What you will do -
In the listing below, find the line containing "Difference Between Relational" and the line containing "Lush, Oriental Rug", then copy exactly everything from the first through the second, except the pictures.

Supplied material -
*** Begin section ***
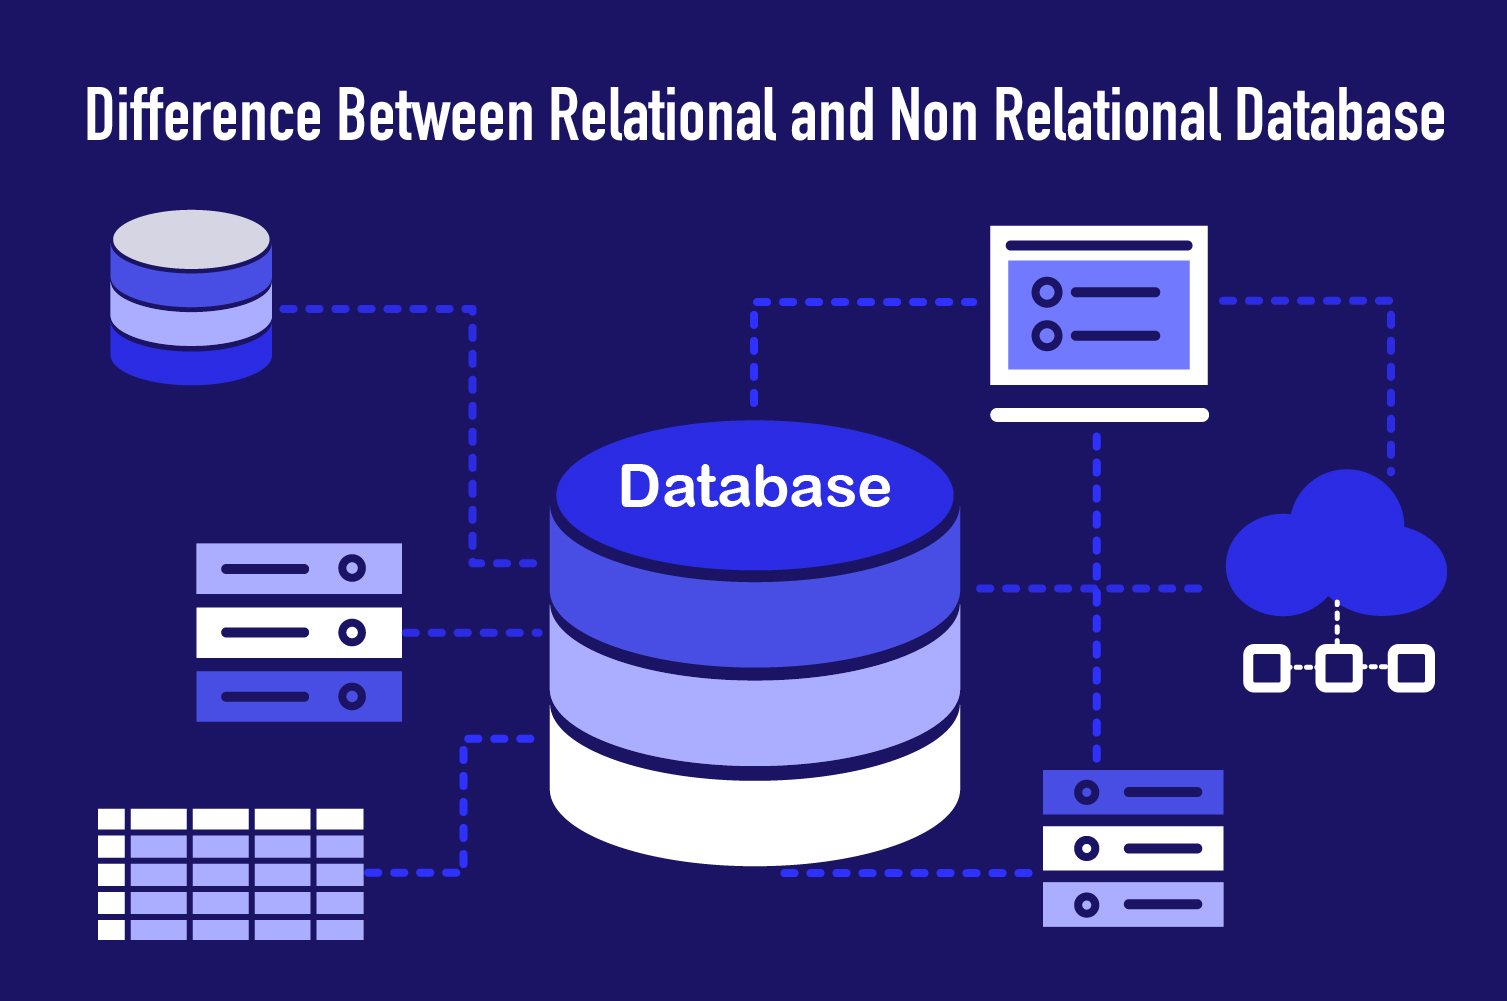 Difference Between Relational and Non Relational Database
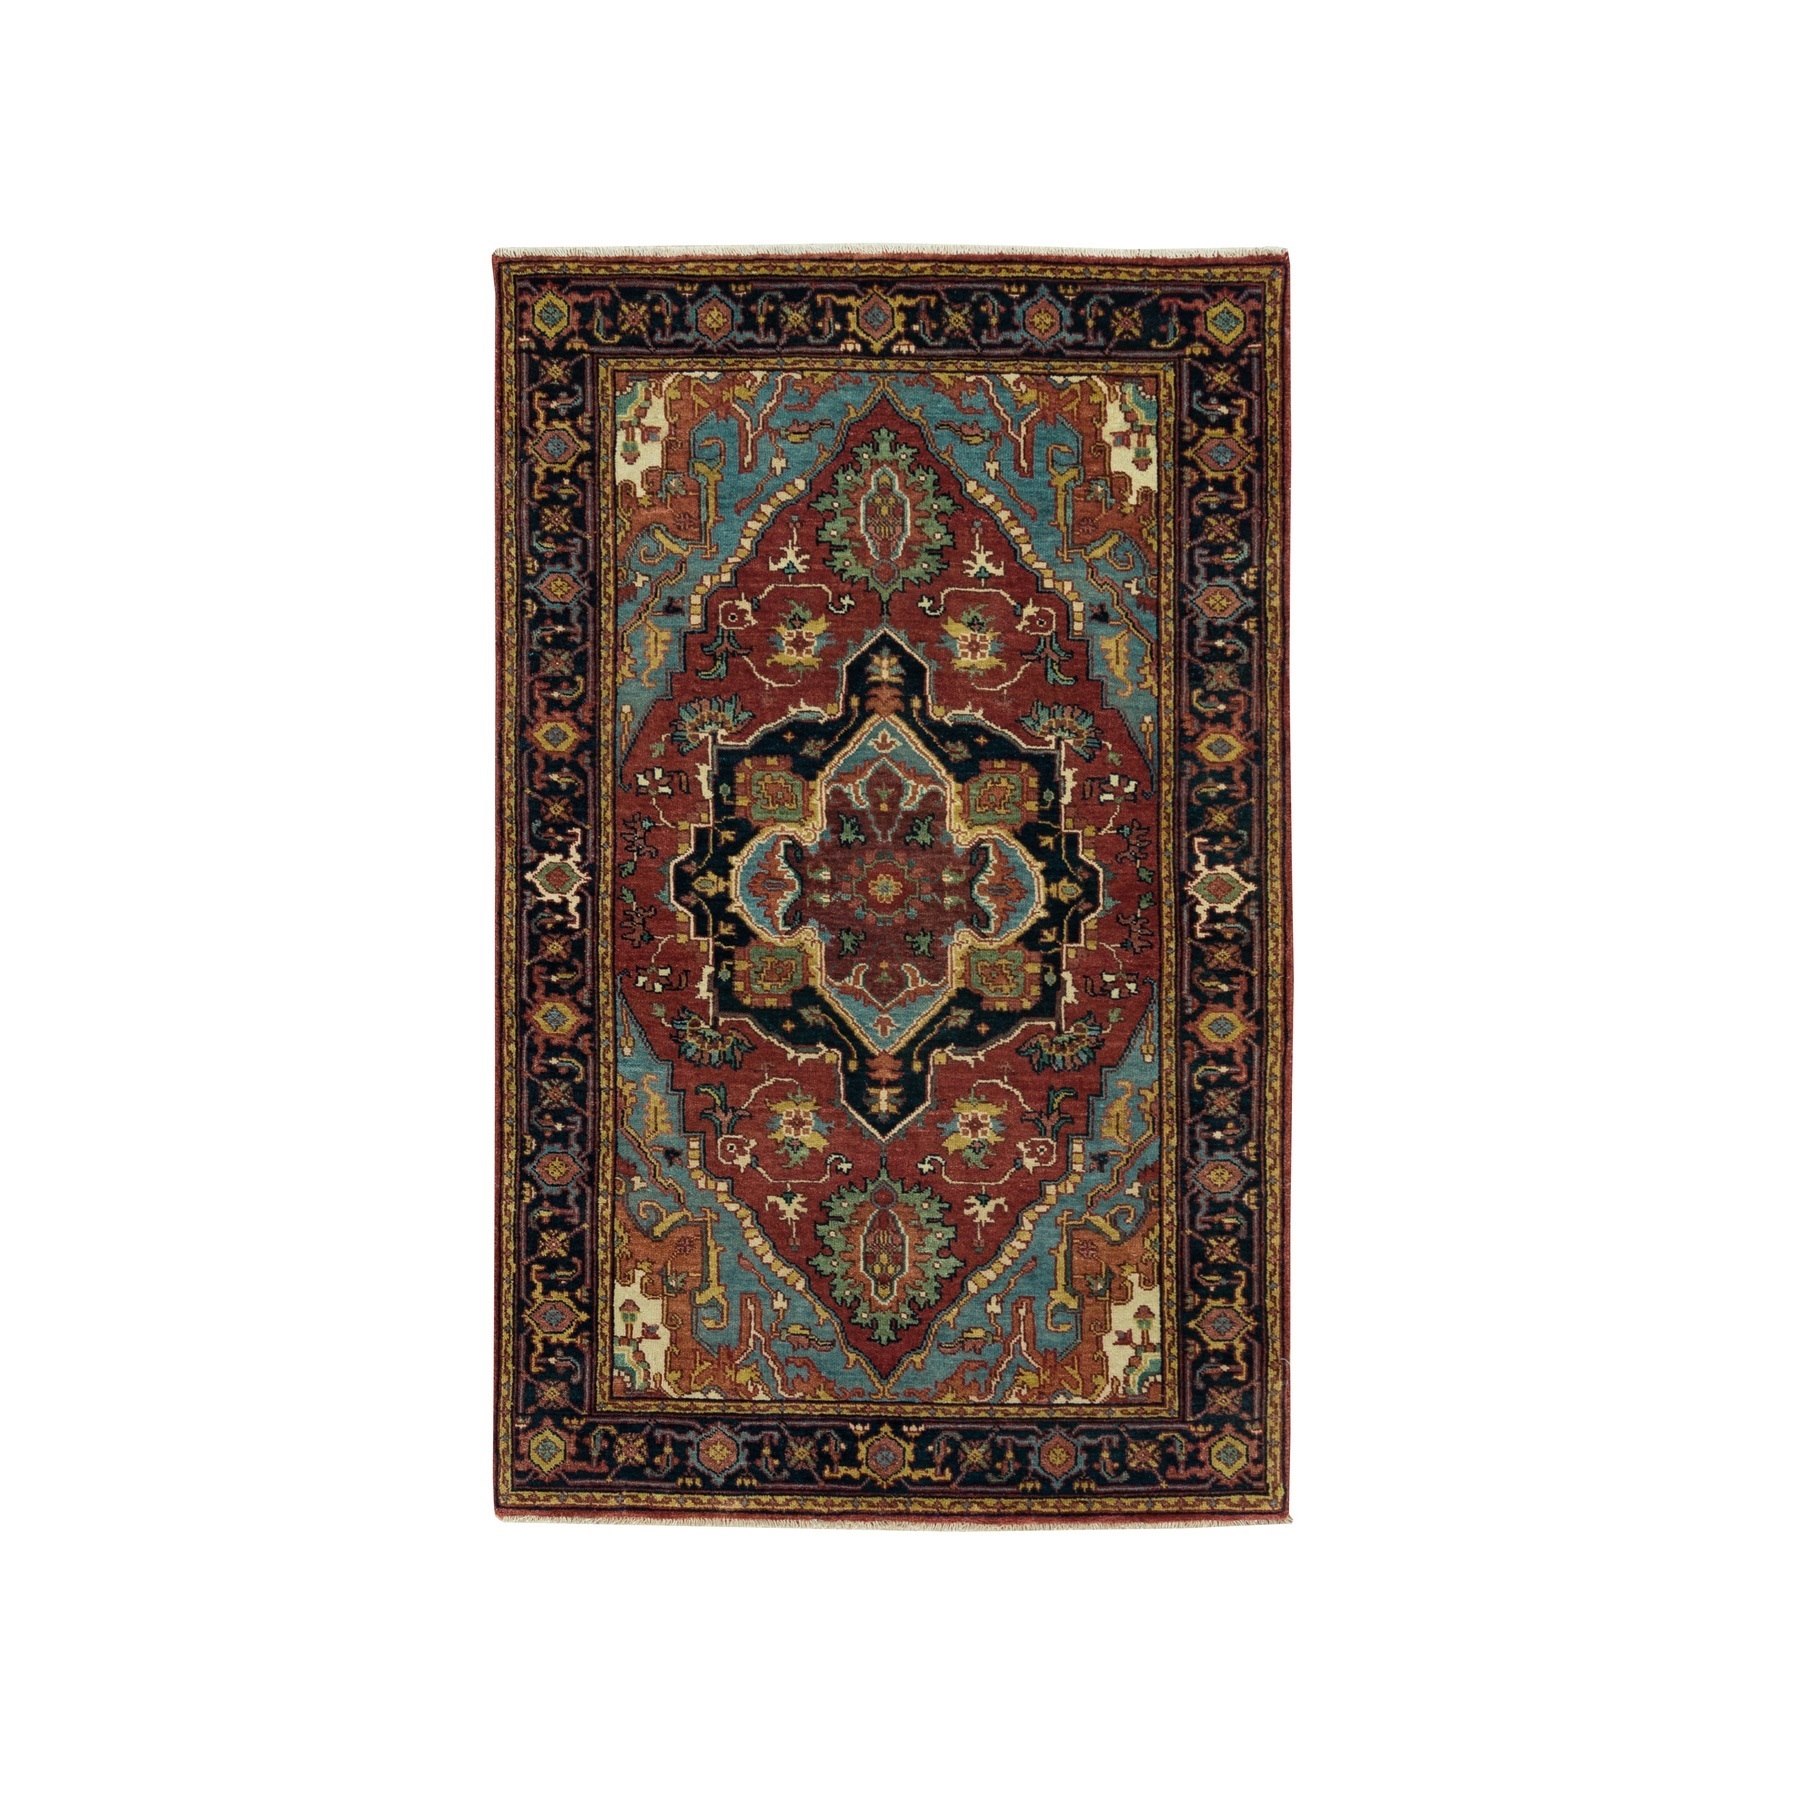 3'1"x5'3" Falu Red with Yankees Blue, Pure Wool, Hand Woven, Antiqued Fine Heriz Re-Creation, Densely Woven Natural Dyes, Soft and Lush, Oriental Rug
*** End section ***
*** Begin section ***
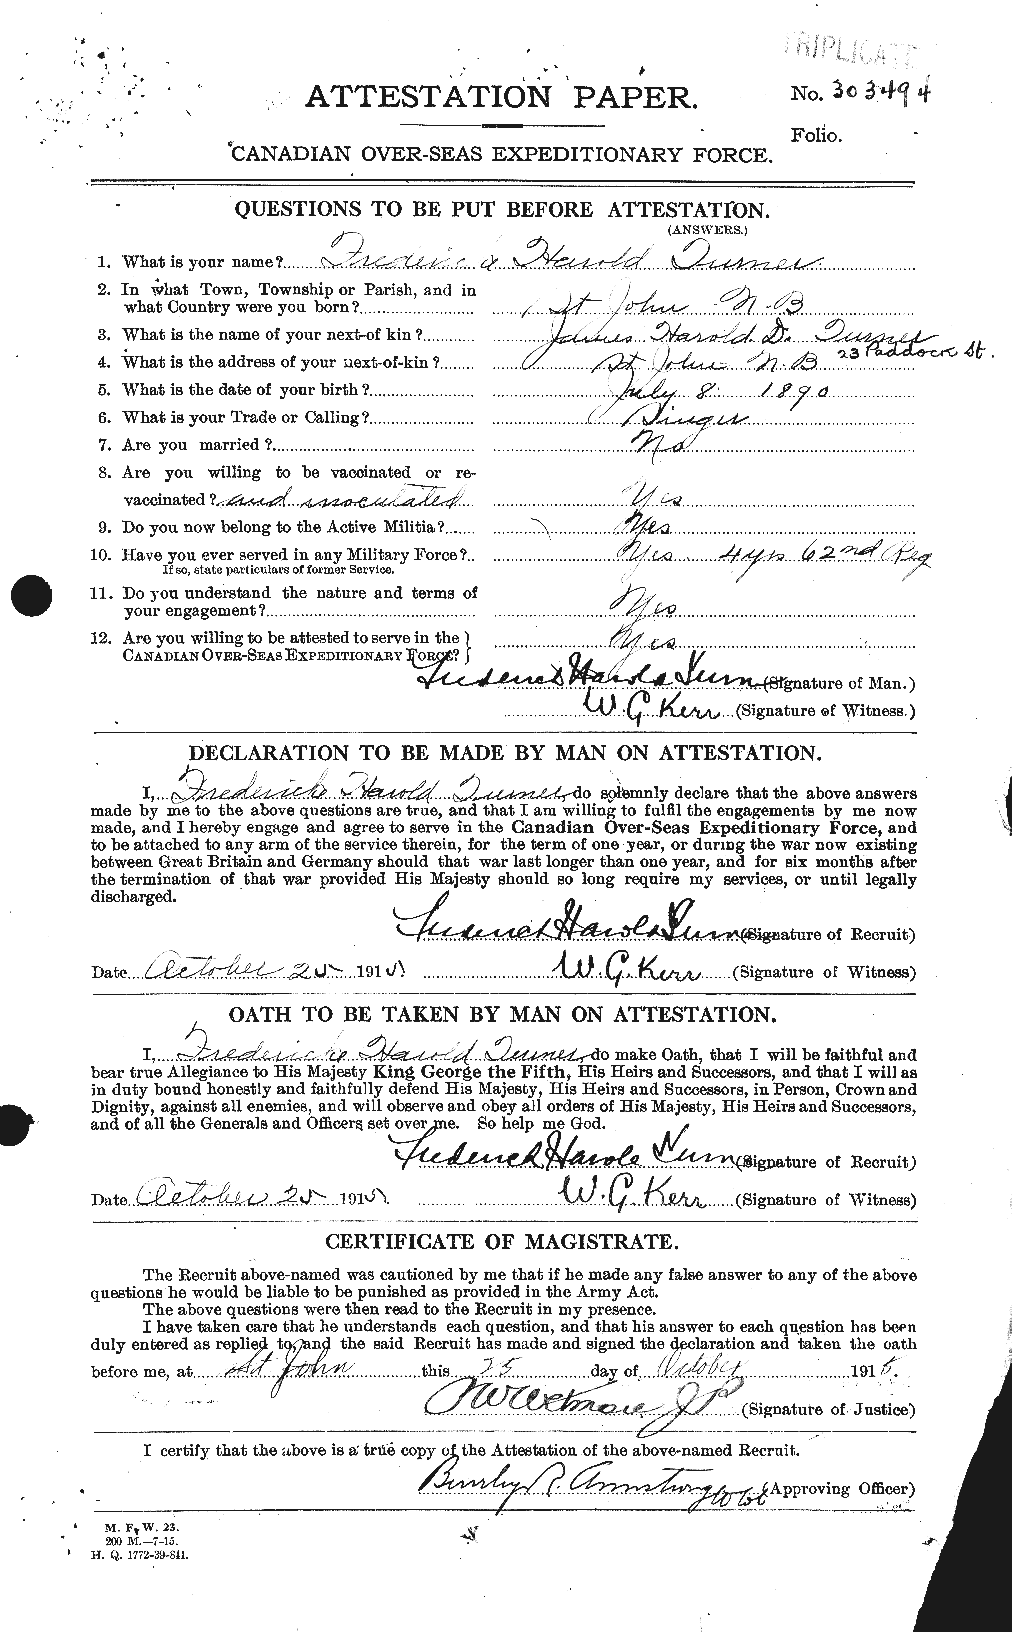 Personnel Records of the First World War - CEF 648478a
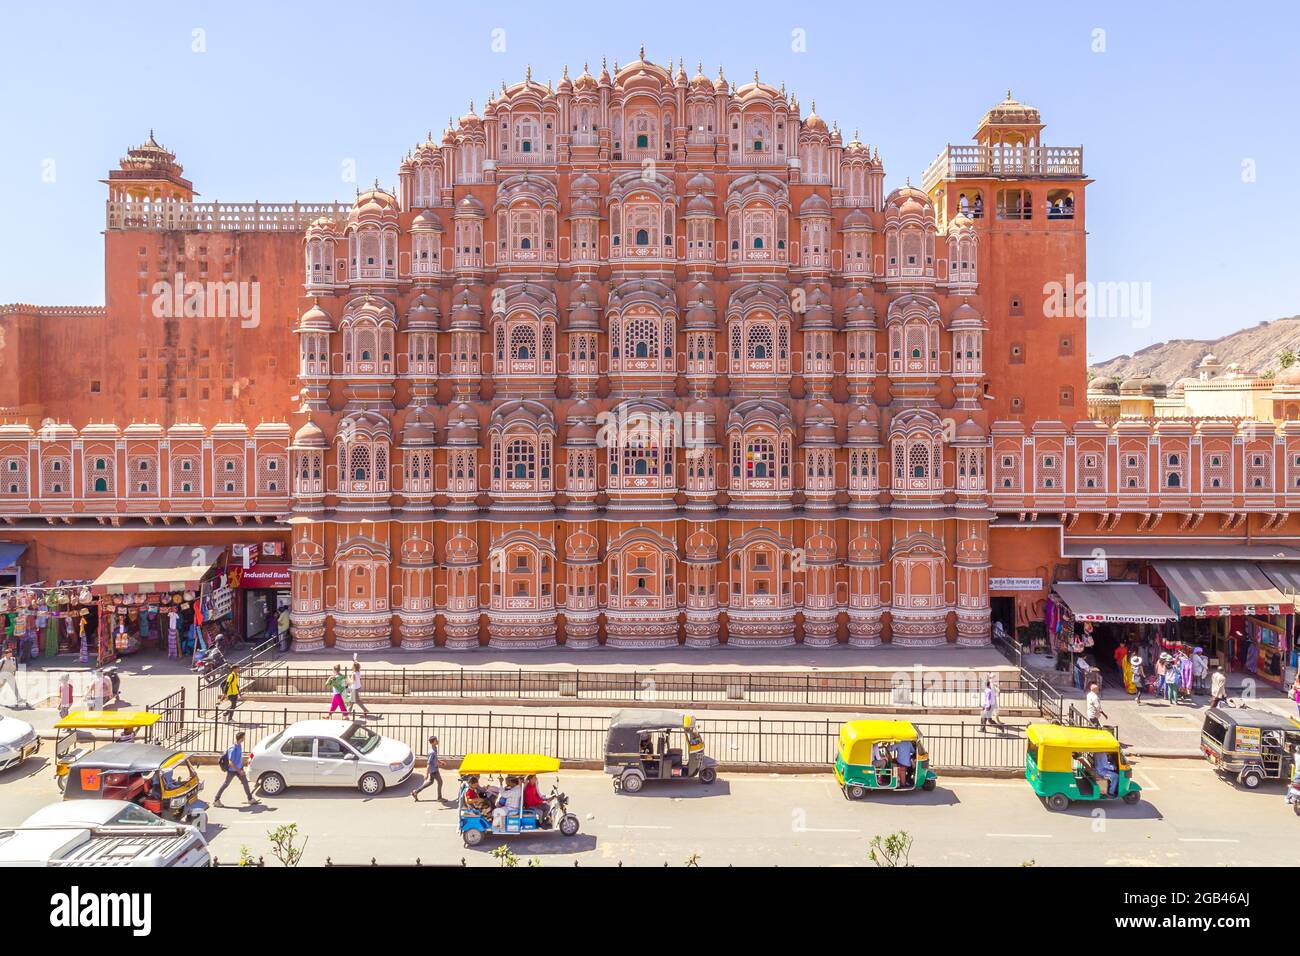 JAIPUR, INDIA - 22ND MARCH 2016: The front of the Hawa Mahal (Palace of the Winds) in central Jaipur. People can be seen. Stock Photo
*** End section ***
Response -
 Difference Between Relational and Non Relational Database
 3'1"x5'3" Falu Red with Yankees Blue, Pure Wool, Hand Woven, Antiqued Fine Heriz Re-Creation, Densely Woven Natural Dyes, Soft and Lush, Oriental Rug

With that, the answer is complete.